Once the Japanese lab identified and cloned the gene, there was a great rush to discover exactly what it does and how it functions. As a result, in my work in Fred’s lab, I tried to decipher the gene and its functions, using both in vitro assays and mouse work. There were more than 20 labs around the world trying to make the same discovery, which meant there was a great competition to publish first. Nothing worked for us for the first two years, but then, two-and-a-half years into the project, we succeeded, eventually publishing our results in 2003.
Yet, there were still many questions left about the AID gene: Why does it mutate? What gives the protein its specificity of interaction? These are the questions I wanted to continue to pursue in my own lab.
Next Stop: SKI
Choosing to come to the Sloan Kettering Institute to continue my research in the Immunology Program was fairly simple. I chose SKI because it offered me the best resources — both intellectually and practically. Intellectually, there are few other institutions in the world that can match the intellectual firepower here. The ones that do match it tend to be too big and unwieldy. Additionally, I had known of James Allison, the Chairman of the SKI Immunology Program, and I was excited to be a part of his efforts to expand the program.
The other real bonus about coming to SKI is the chance to experience interactions with members of other departments and disciplines. For example, I regularly interact with members of the Molecular Biology Program and the Cancer Biology and Genetics Program, as well as other programs. There is rich ground here for cross-fertilization, which is one of the keys to success in today’s science world.
My SKI lab got off to a good start when I was recently awarded a Damon Runyon Cancer Research Fund Scholar Award.

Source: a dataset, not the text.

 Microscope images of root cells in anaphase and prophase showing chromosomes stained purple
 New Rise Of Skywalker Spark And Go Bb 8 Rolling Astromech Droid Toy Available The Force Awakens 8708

Funding began on January 1, 2006, and will run through 2008. I have already hired a research technician, Shaheen Kabir, and two postdocs, who will join us shortly. And, of course, we will have the assistance of graduate students from the new Gerstner Sloan Kettering Graduate School, where I am a faculty member.
We are now taking the next steps toward understanding the AID gene, which has important potential implications that involve both immunodeficiency and B cell tumors. We know from our work and the work of other labs that if an individual has too little of the AID protein, they will be immunodeficient. And if an individual has an excess of the protein, there will be a predisposition to developing B cell tumors.
From what we know, most of human B cell lymphomas are due to aberrations in the AID pathway. So, while our work is basic science research, Memorial Sloan Kettering Cancer Center is the best place to take insights from the basic science side of things and translate them into investigational approaches in the clinic.